Вольдемару удалось перевести ее из дома терпимости в гестаповскую столовую, где он работал поваром. Она работала официанткой. Начальник гестапо разрешил им жить вместе. В полуразрушенной части здания, к которому примыкало гестапо, они нашли целую комнату. Однако ночевал он дома очень редко. Приходил утром смертельно уставший и сразу же валился спать. Скоро она узнала, что он принимает участие в допросах арестованных. Нет, не в качестве переводчика, хотя немецкий язык он знал сносно — нахватался в лагере, где пробыл несколько месяцев. Каким образом ему удалось вырваться оттуда, ей неизвестно. Перстнем своим он очень дорожил. Говорил, что ему подарили его за большие заслуги и за большое мужество.

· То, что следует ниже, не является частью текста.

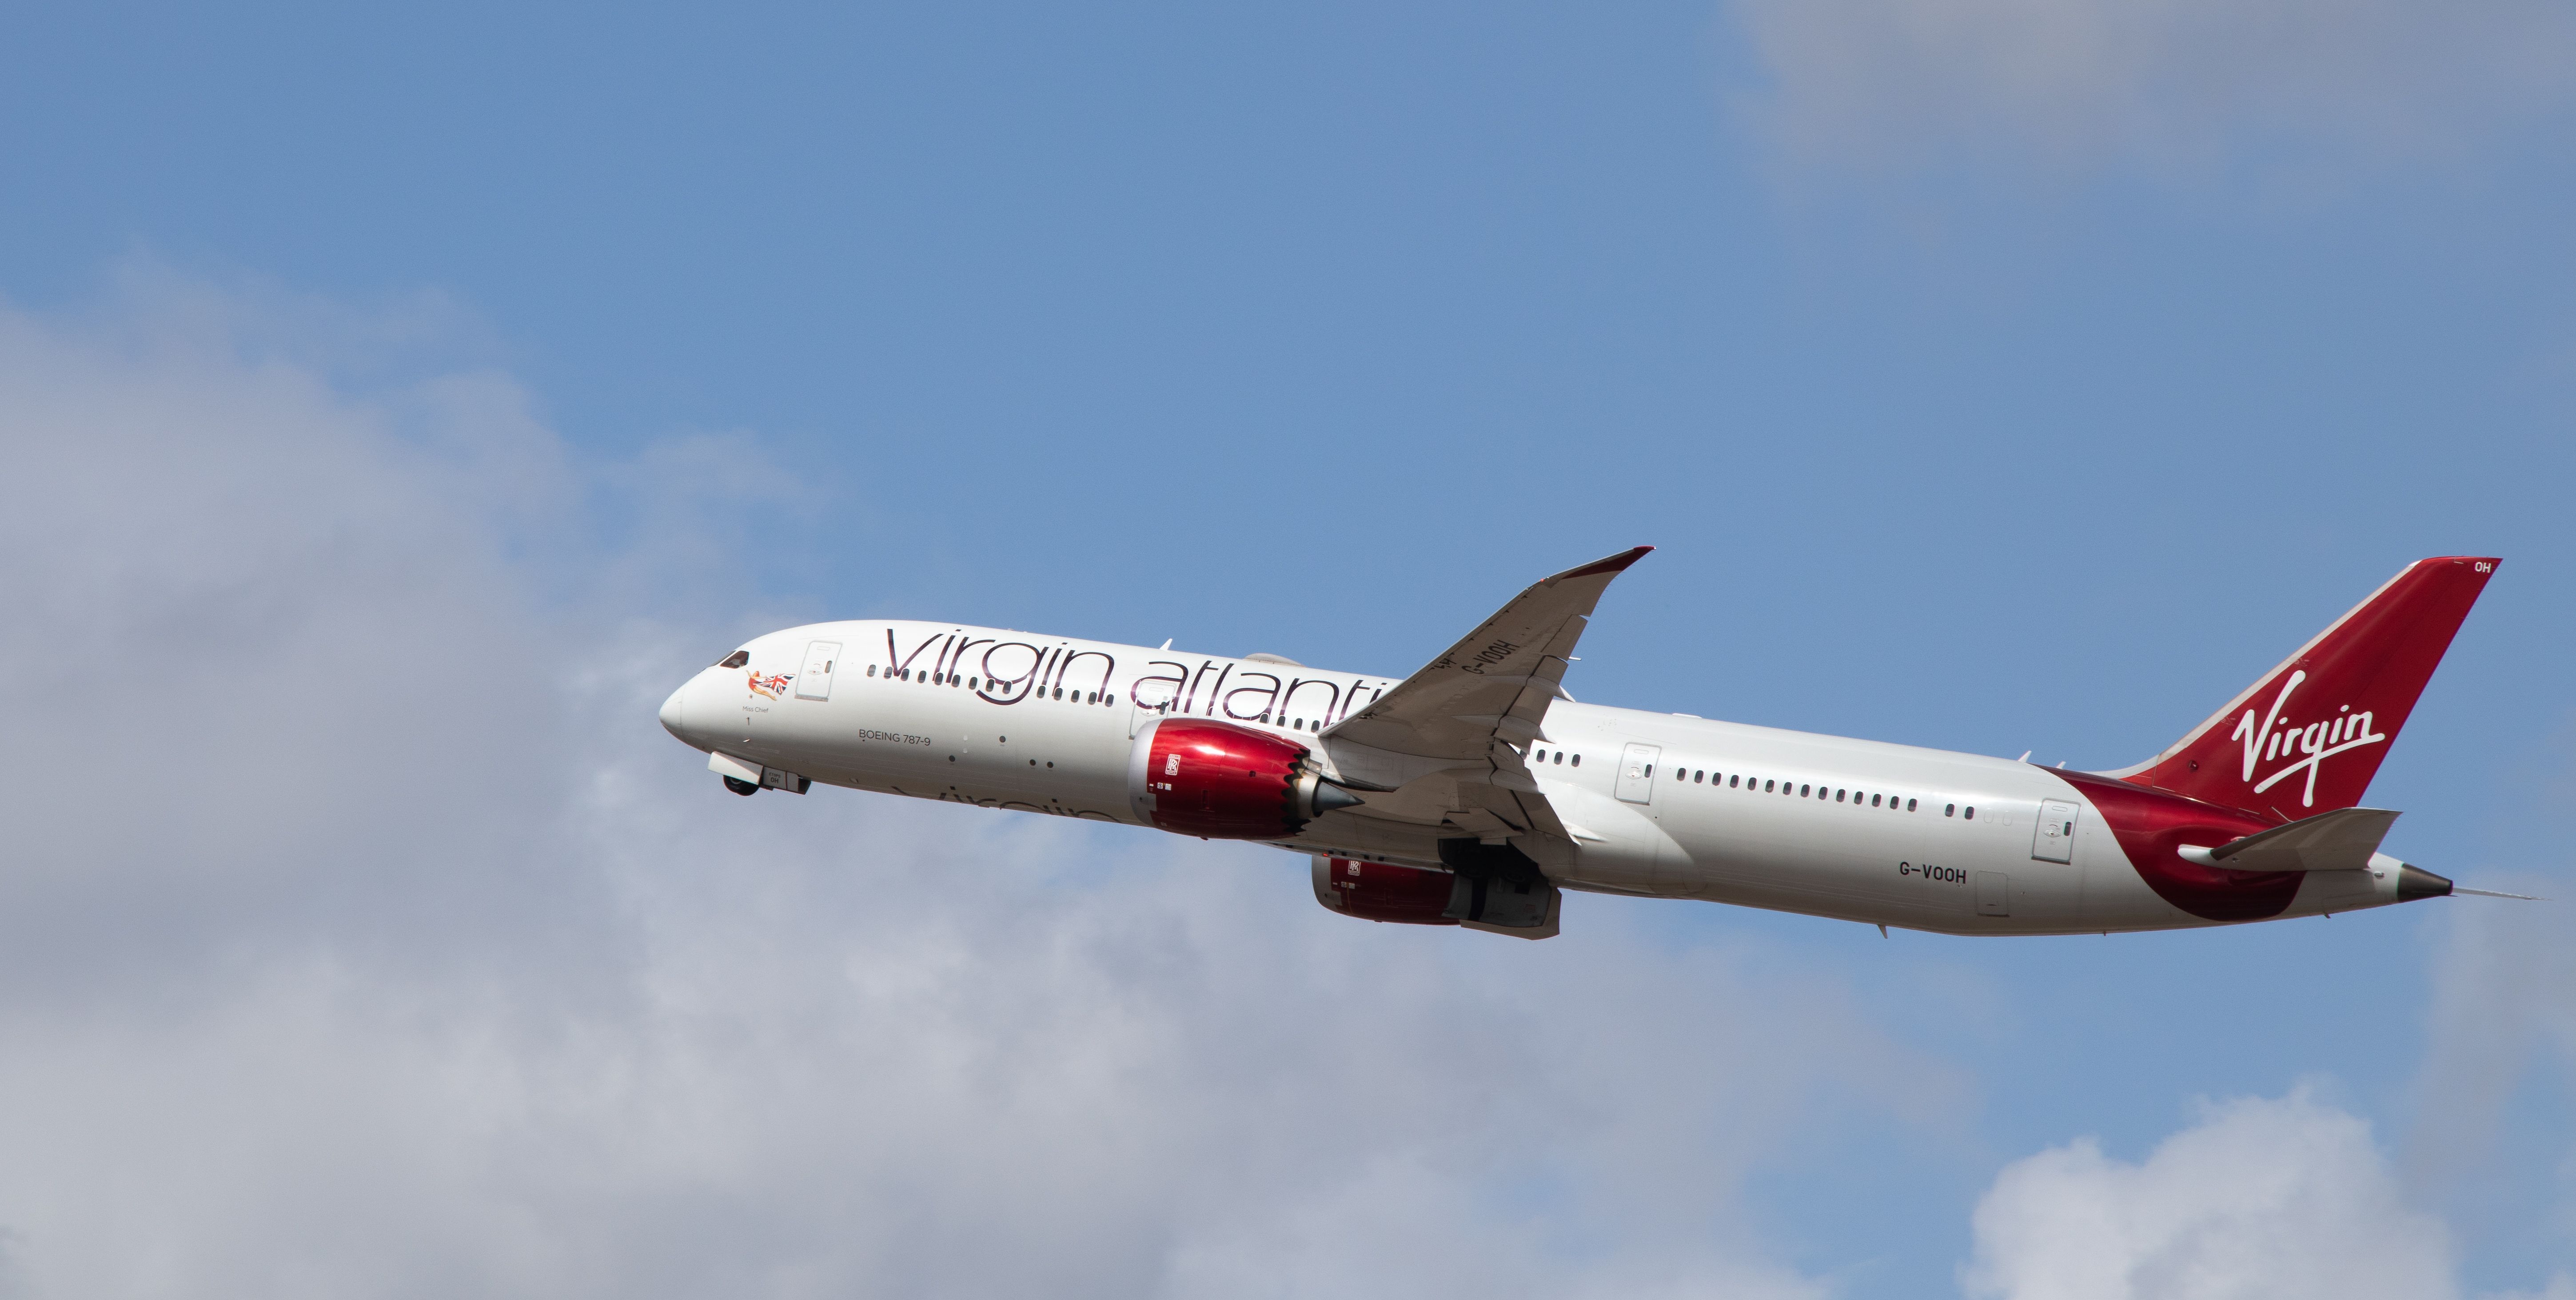 A Virgin Atlantic Boeing 787-9 Taking Off.

Однажды, когда он спал — она работала во вторую смену — из кармана его брюк вывалился окровавленный кастет. Потом она спросила у него, что это за штука. Он похвалился, что этим кастетом он одним ударом может отправить человека к праотцам и что ни один из тех, с кем он имел дело, не ушел живым. С тех пор она начала его бояться. В его присутствии она испытывала ужас. Он ее любил. По крайней мере, относился к ней очень хорошо. Жили они совершенно изолированно от внешнего мира.

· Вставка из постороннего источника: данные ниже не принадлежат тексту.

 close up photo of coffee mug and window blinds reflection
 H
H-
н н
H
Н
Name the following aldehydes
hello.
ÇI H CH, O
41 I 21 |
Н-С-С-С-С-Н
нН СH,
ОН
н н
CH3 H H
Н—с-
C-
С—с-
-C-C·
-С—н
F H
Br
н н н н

В начале сорок четвертого года один из отделов гестапо перевели в Ригу. Взяли с собой Вольдемара и ее. Там строили какой-то секретный объект. Охрана почти сплошь состояла из офицеров и унтер-офицеров. Она работала в столовой официанткой, он — поваром. И здесь она не видела его ночами. Наверно, он и здесь занимался тем же. Заключенных в лагере было мало — человек двести. Все они были обречены. Они, конечно, знали и ее, и Вольдемара. Однажды ночью он пришел весь в крови. Оказывается, заключенные устроили засаду. Его могли убить, если бы не часовой. Заключенные разбежались. А наутро не досчитались двух. Во время потасовки с руки Вольдемара кто-то сдернул перстень. С тех пор он озверел совсем. Теперь ни одна акция не проходила без его участия. Однажды она видела в окно, как он расправился с заключенным. Подошел к нему незаметно и коротко ударил кастетом в затылок, как боксеры бьют в живот. Он все надеялся найти свой перстень, но кто-то из заключенных сказал ему, что перстень остался у одного из тех, кто сбежал из лагеря. С тех пор он потерял покой. Потом настало время ликвидации лагеря. Вольдемар пропадал сутками. Заключенные были уничтожены все до одного. Потом гестаповцы бежали, бросив их с Вольдемаром на произвол судьбы. Вольдемар сказал ей, что он ничего не боится, потому что у него все чисто. Единственное, что его страшит, это встреча с человеком, который сбежал с его перстнем.

— Когда Ригу заняли советские войска, у Вольдемара, — продолжала Ровнова, — не было никаких документов. У меня был паспорт, который мне вернули, когда я перешла на работу в гестапо. В той лагерной потасовке ему здорово повредили левую ногу, и он начал заметно прихрамывать. Он сам пошел в политотдел одной из частей, назвал себя, сказал, что сидел в лагере и хотел бы вернуться домой, поскольку воевать он уже не может. Те, видимо, запросили часть, в которой он служил, и там, наверно, подтвердили, что был у них такой боец и прочее. Дней через пять Вольдемару выдали временное удостоверение личности, по которому он устроился истопником в госпитале. Меня взяли нянечкой. Он все хотел перекинуться на ту сторону, но немцы были уже далеко. В госпитале он познакомился с капитаном Спиридоновым. Стали они друзьями — водой не разольешь. Вольдемар готовил иногда для врачей обеды, а те снабжали его спиртом, а Спиридонов любил выпить.

Потом Спиридонов выписался из госпиталя и уехал. Вольдемар сказал, что тот подарил ему на память документы. Но он, наверно, убил его. Я считала себя уже человеком погибшим, и поэтому мне было все равно. Хотела сбежать от Вольдемара, но ничего не получилось — он следил за мной постоянно. До сих пор удивляюсь, почему он не убрал меня. В конце сорок четвертого года мы двинулись в Россию. Сразу решили ехать в Якутск. Вольдемар сказал, что там он все устроит, и устроил.